Forest City, Cleveland Play House

Drury Theatre
October 21– November 16, 2003

As JT, with Caroline S. Clay as Sandra Mae

As JT, with Wiley Moore as his stepbrother

Critical Response

Johnny Lee Davenport brings JT’s multiple weaknesses alive without robbing him of dignity.”
—Tony Brown, Cleveland Plain Dealer (October 27, 2003)

“The cast is universally excellent. . . . Johnny Lee Davenport gives us a JT that is both strong and weak. He clearly shows us the hard head and the soft underbelly.”
—Roy Berko, (October 27, 2003)

“Brought to life by a stellar cast at the Cleveland Play House, this world premiere brilliantly conveys the aspirations and frustrations of one family living at ground zero of the hospital expansion—fighting to save their house, their lifestyle, and, as it turns out, their lives in the face of what appears to be inevitable change.

As J.T., Johnny Lee Davenport captures every nuance of his character’s macho posturing and raging insecurities. And Davenport’s scenes with Caroline S. Clay, who plays the sensible yet tormented Sandra, are so touching and genuine, you feel as if you ought to excuse yourself to let them be alone. But don’t—otherwise, you’ll miss the moment when husband and wife flirt with each other through their children’s Barbie and Ken dolls, a scene at once pricelessly amusing and deeply affecting.”
—Christine Howey, Scene (October 29, 2003)

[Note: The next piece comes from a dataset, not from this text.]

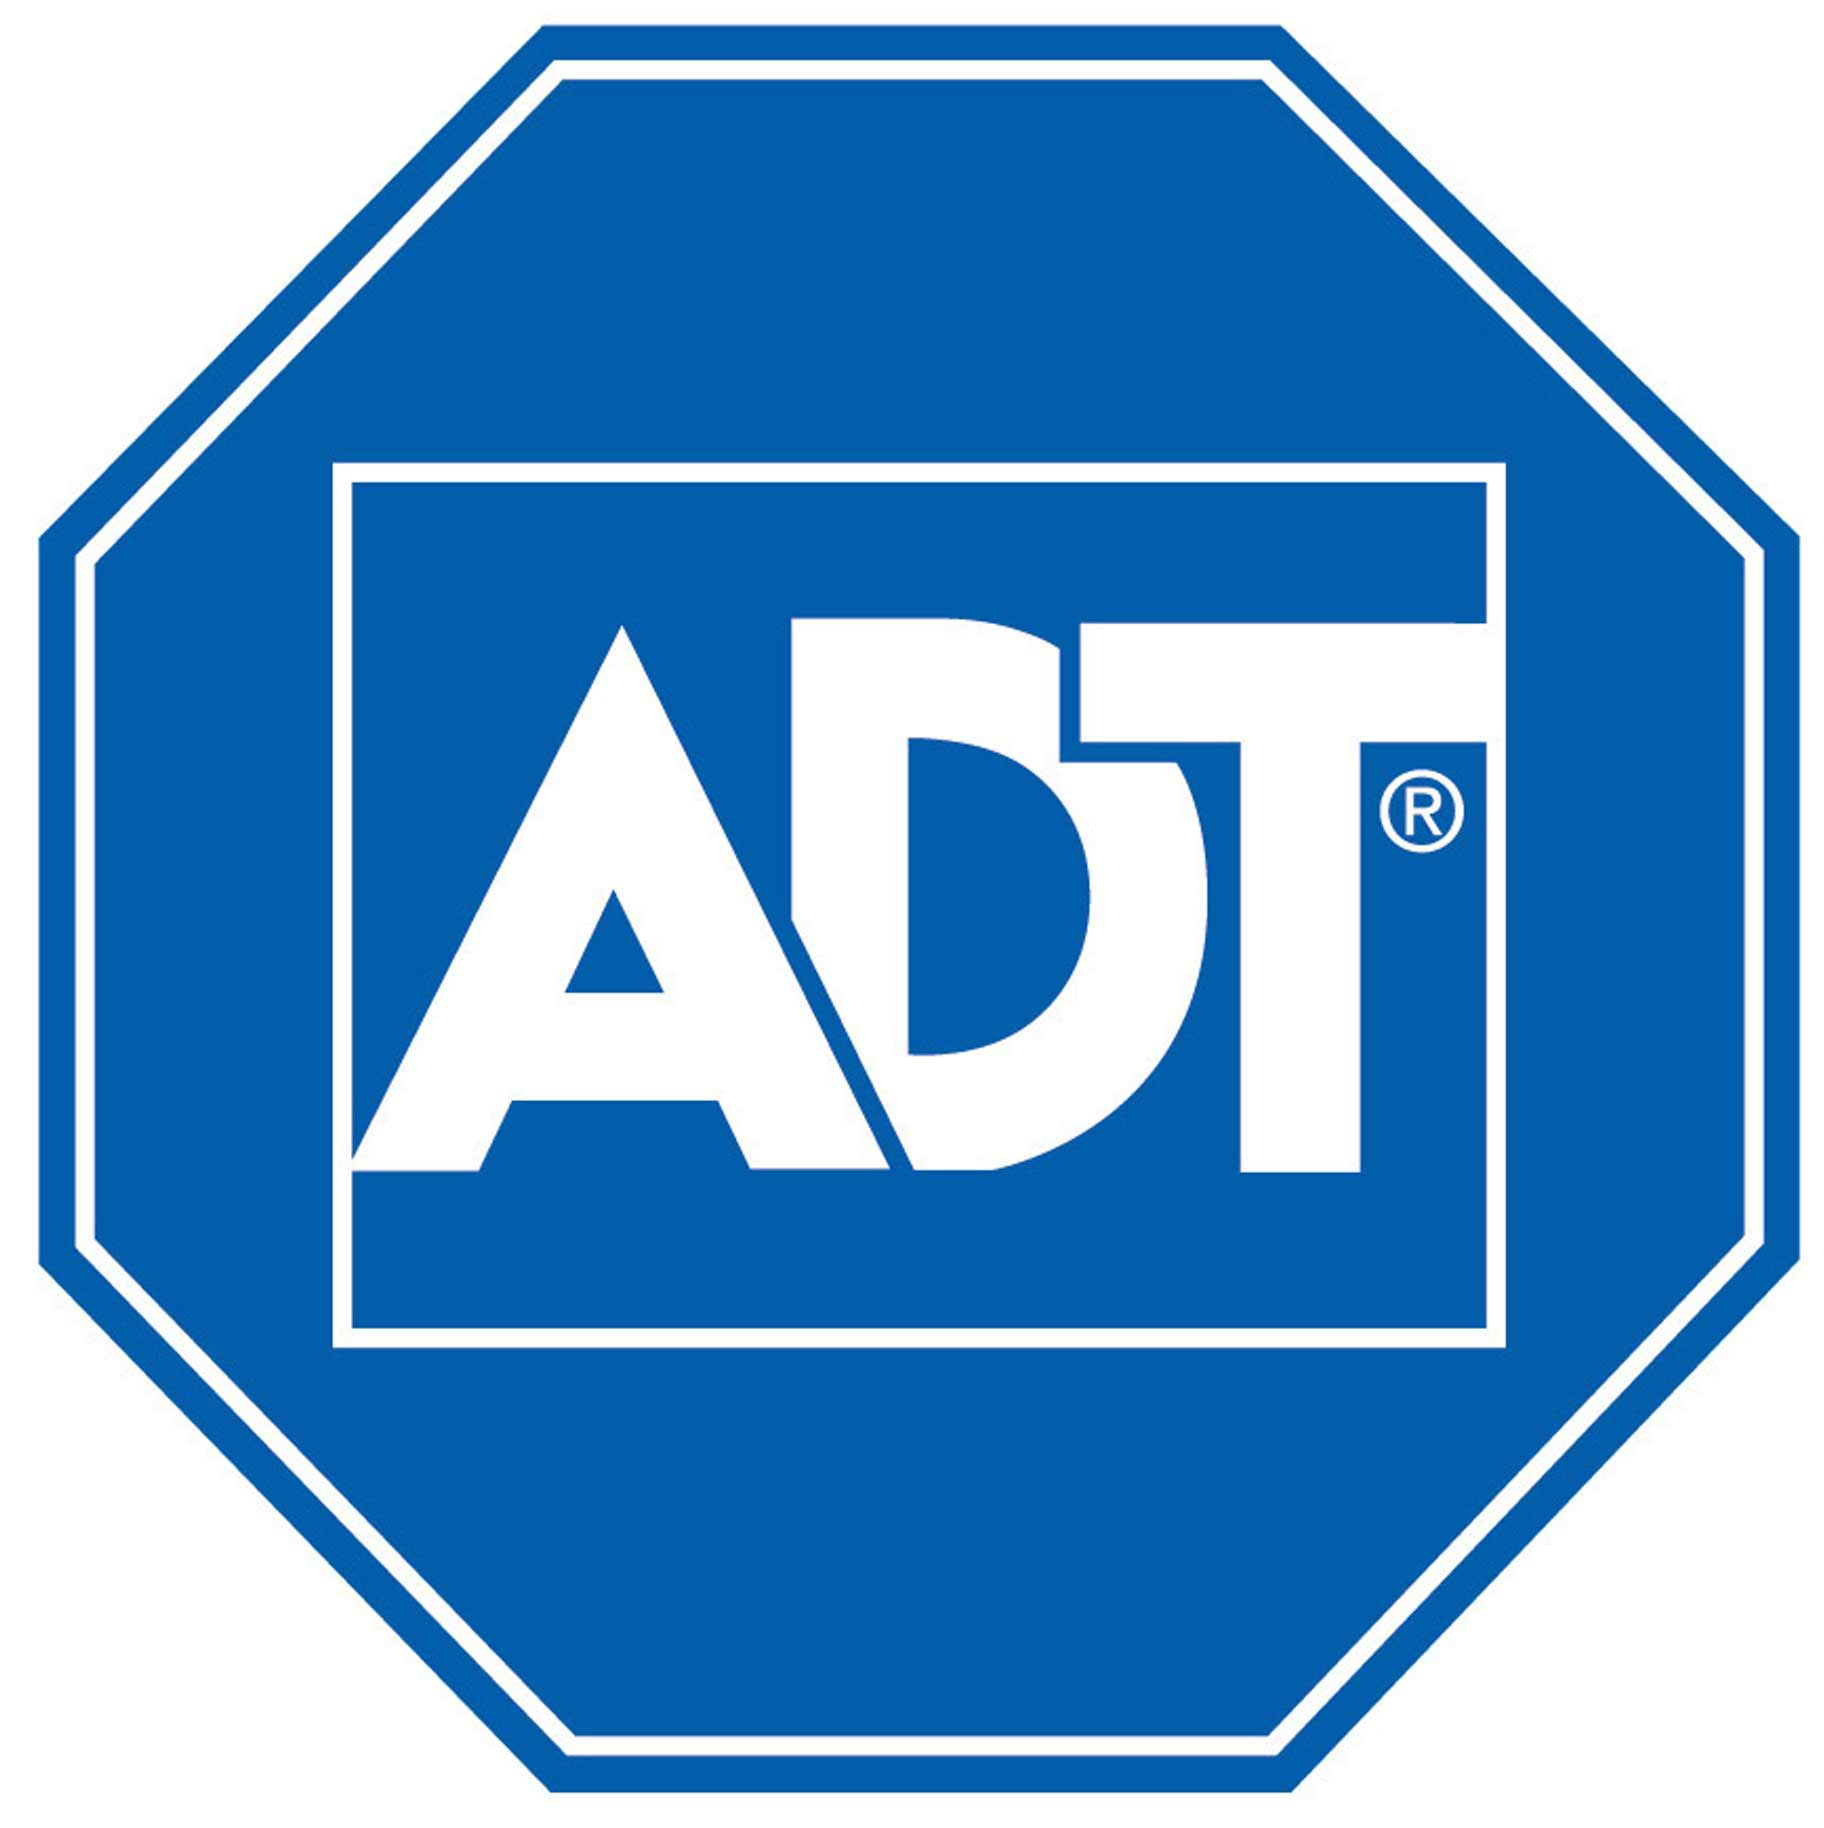 Free Adt Logos, Download Free Clip Art, Free Clip Art on.
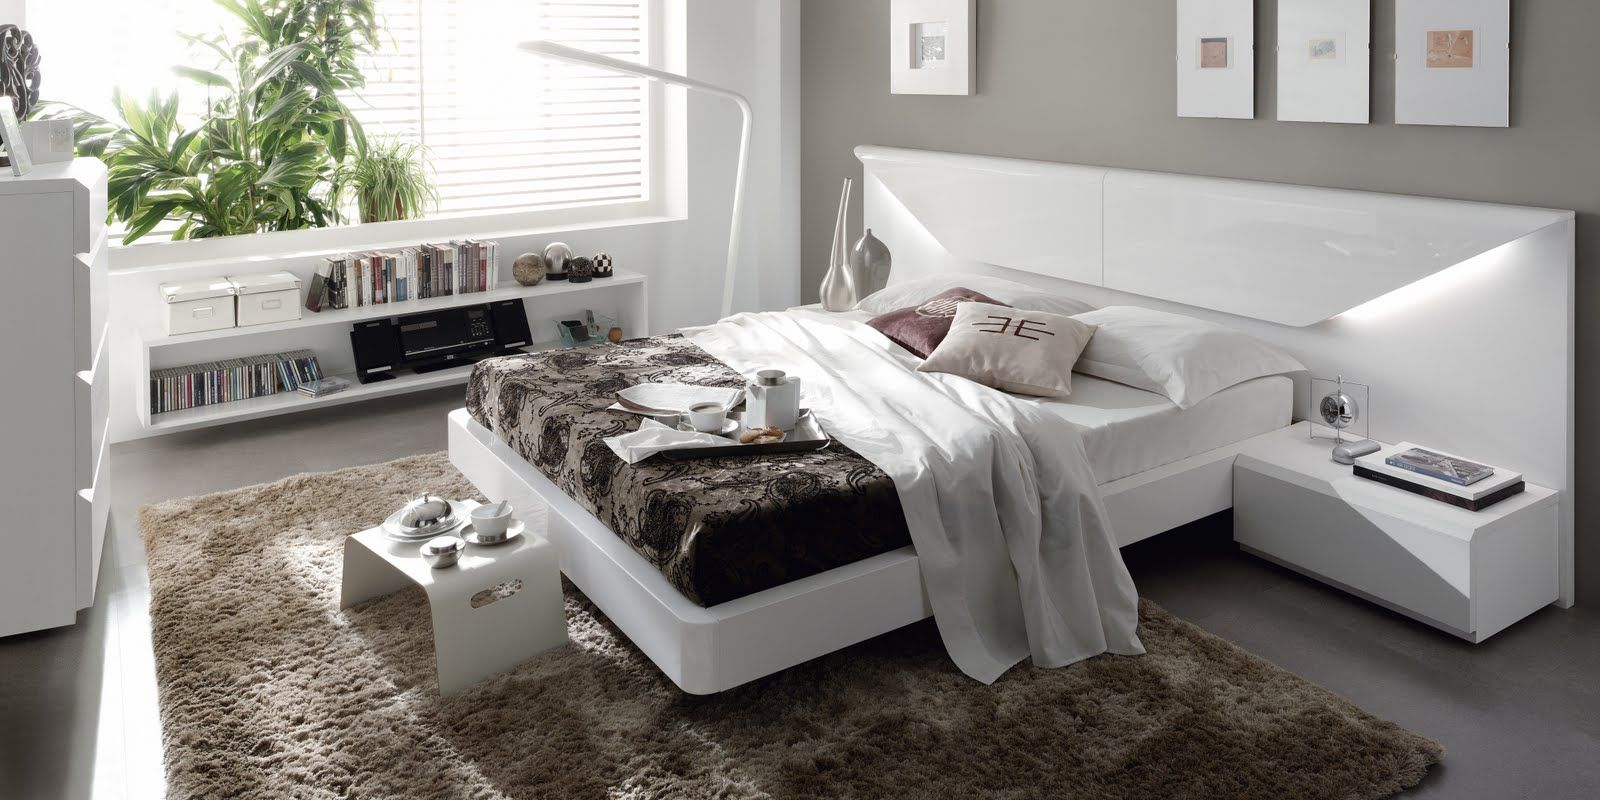 dormitorio de matrimonio lacado blanco mila | 2018 | Pinterest ...

“Until he’s forced into a weepy regret, Johnny Lee Davenport invests JT with a warm and fallible strength.”
—James Damico, Cleveland Free Times (October 29, 2003)

Johnny Lee Davenport does a solid job portraying both sides of JT, deftly using his wide eyes to express JT’s emotions. Davenport’s cough seems natural, and he stumbles across the stage, convincing us that JT is a man about to keel over at any time.”
—Aaron Krause, Norwalk Reflector (October 30, 2003)

“There are strong performances . . . from Johnny Lee Davenport, as the beleaguered J.T.”
—Teddi Gibson-Bianchi, Twinsburg Sun (October 30, 2003)

Johnny Lee Davenport as JT seethes with vulnerability, anger, pride and overriding fear that he won’t be able to provide for his family. Davenport’s riveting performance finds its match in Caroline S. Clay as Sandra Mae Taylor, JT’s God-fearing, church-going scold of a wife.”
—Fran Heller, Cleveland Jewish News (October 31, 2003)

“Muscular performances from Johnny Lee Davenport as the stalwart provider and Caroline S. Clay as his nagging wife are highlights.”